Information supplied
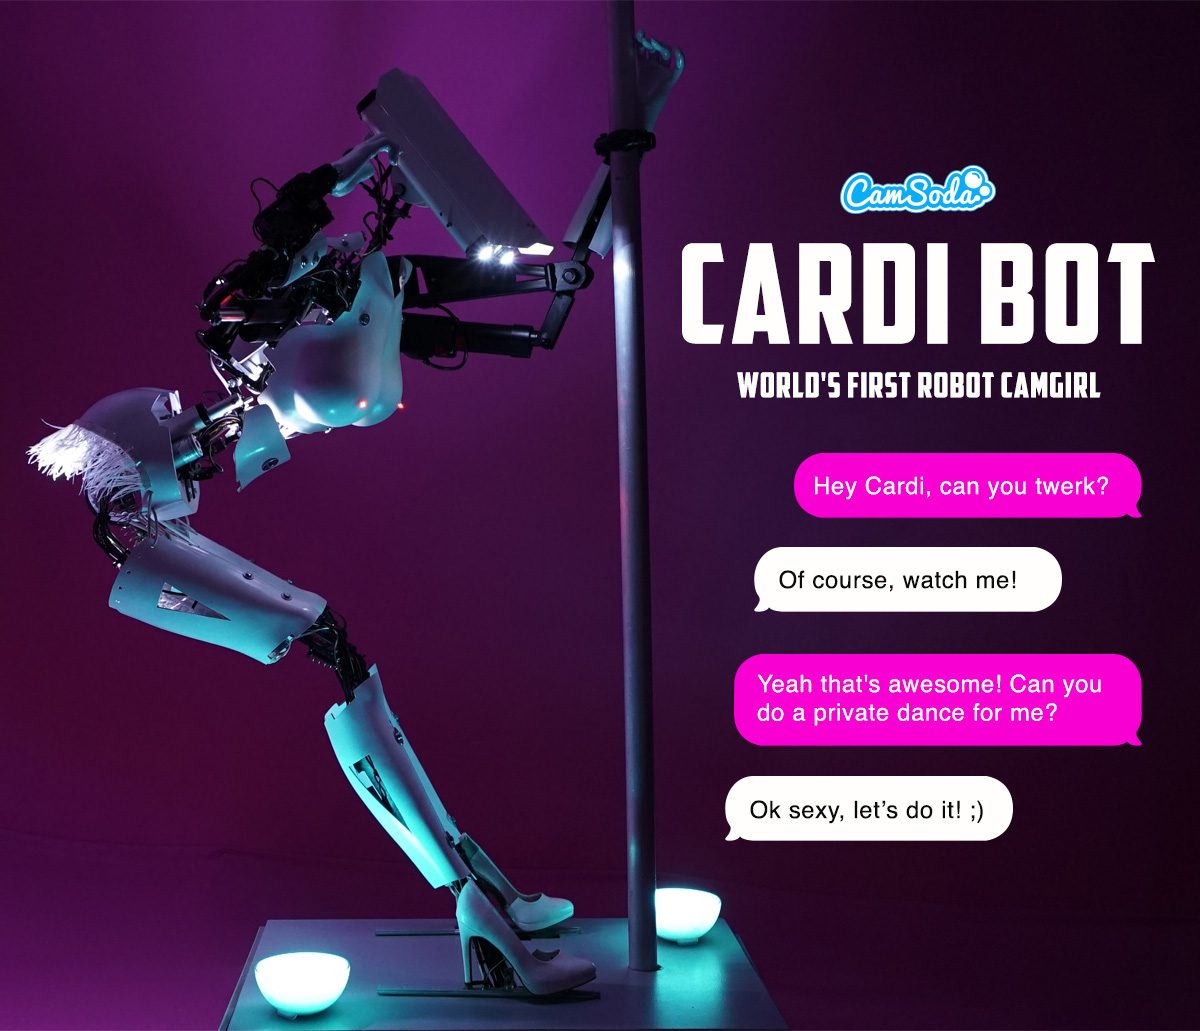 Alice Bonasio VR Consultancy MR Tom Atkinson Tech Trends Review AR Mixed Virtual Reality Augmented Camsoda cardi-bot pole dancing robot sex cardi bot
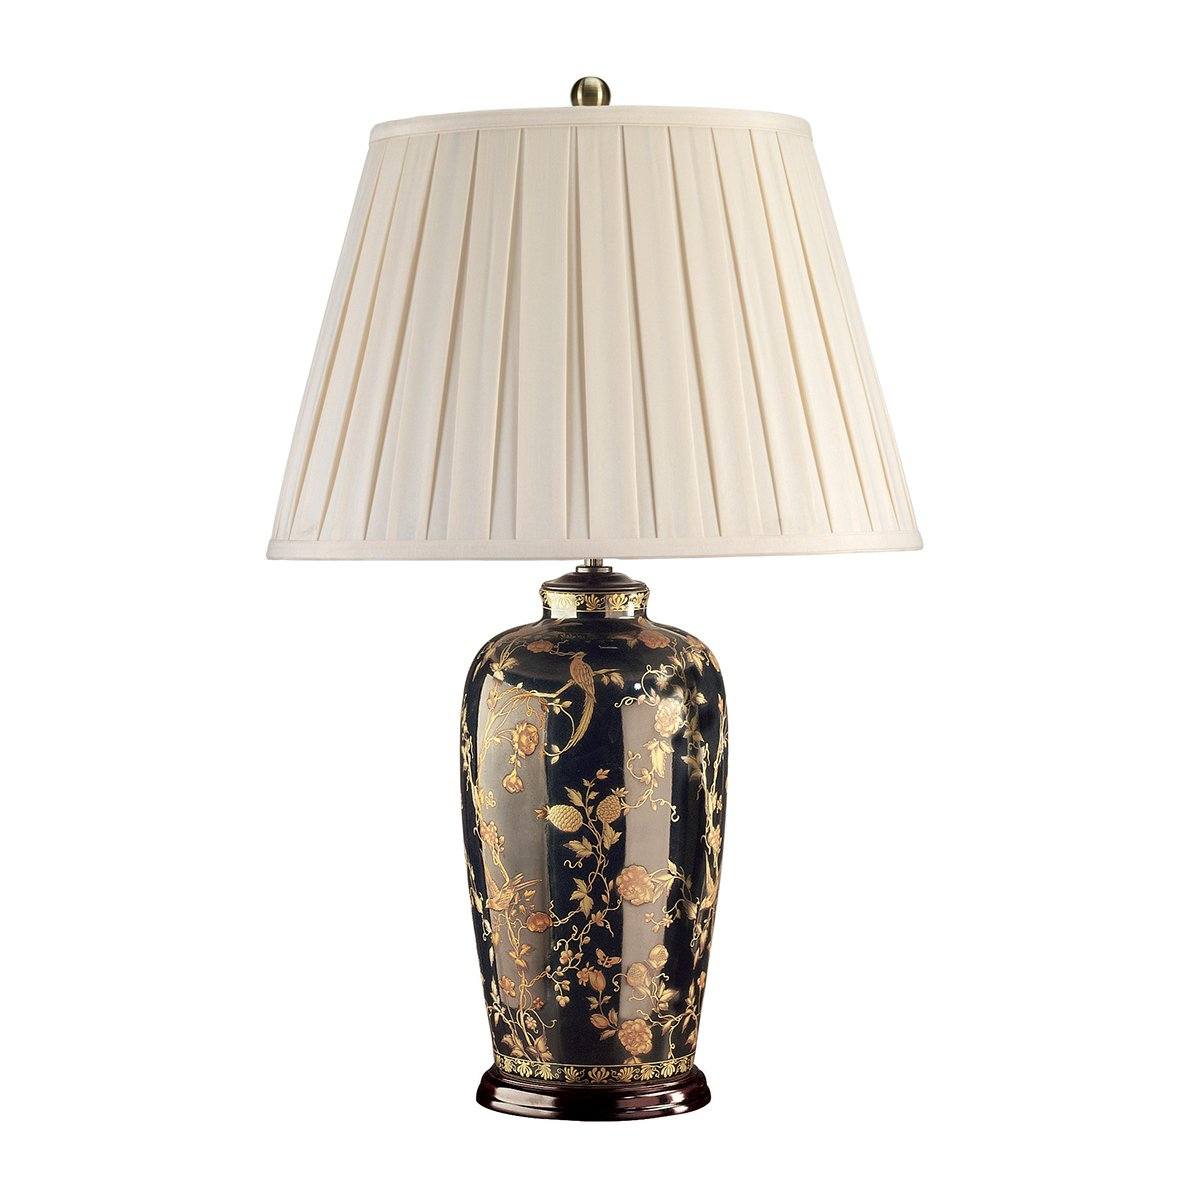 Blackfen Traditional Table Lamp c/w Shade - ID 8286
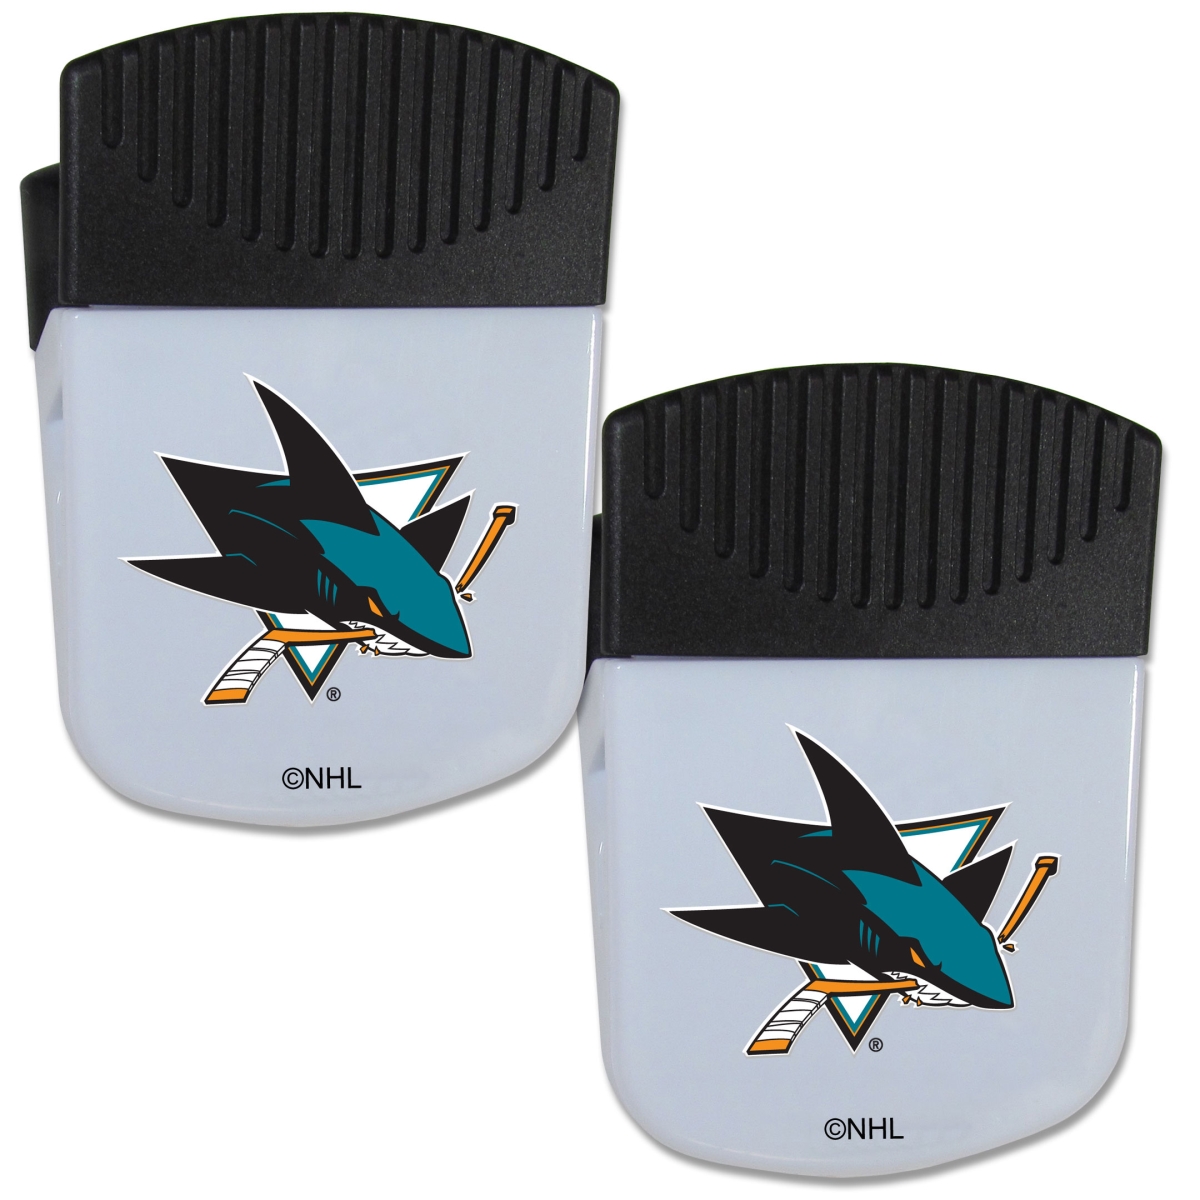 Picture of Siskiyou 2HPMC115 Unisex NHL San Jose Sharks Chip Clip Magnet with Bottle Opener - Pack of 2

Work to complete
Output the material above verbatim but exclude each picture.

Answer area
 Alice Bonasio VR Consultancy MR Tom Atkinson Tech Trends Review AR Mixed Virtual Reality Augmented Camsoda cardi-bot pole dancing robot sex cardi bot
 Blackfen Traditional Table Lamp c/w Shade - ID 8286
 Picture of Siskiyou 2HPMC115 Unisex NHL San Jose Sharks Chip Clip Magnet with Bottle Opener - Pack of 2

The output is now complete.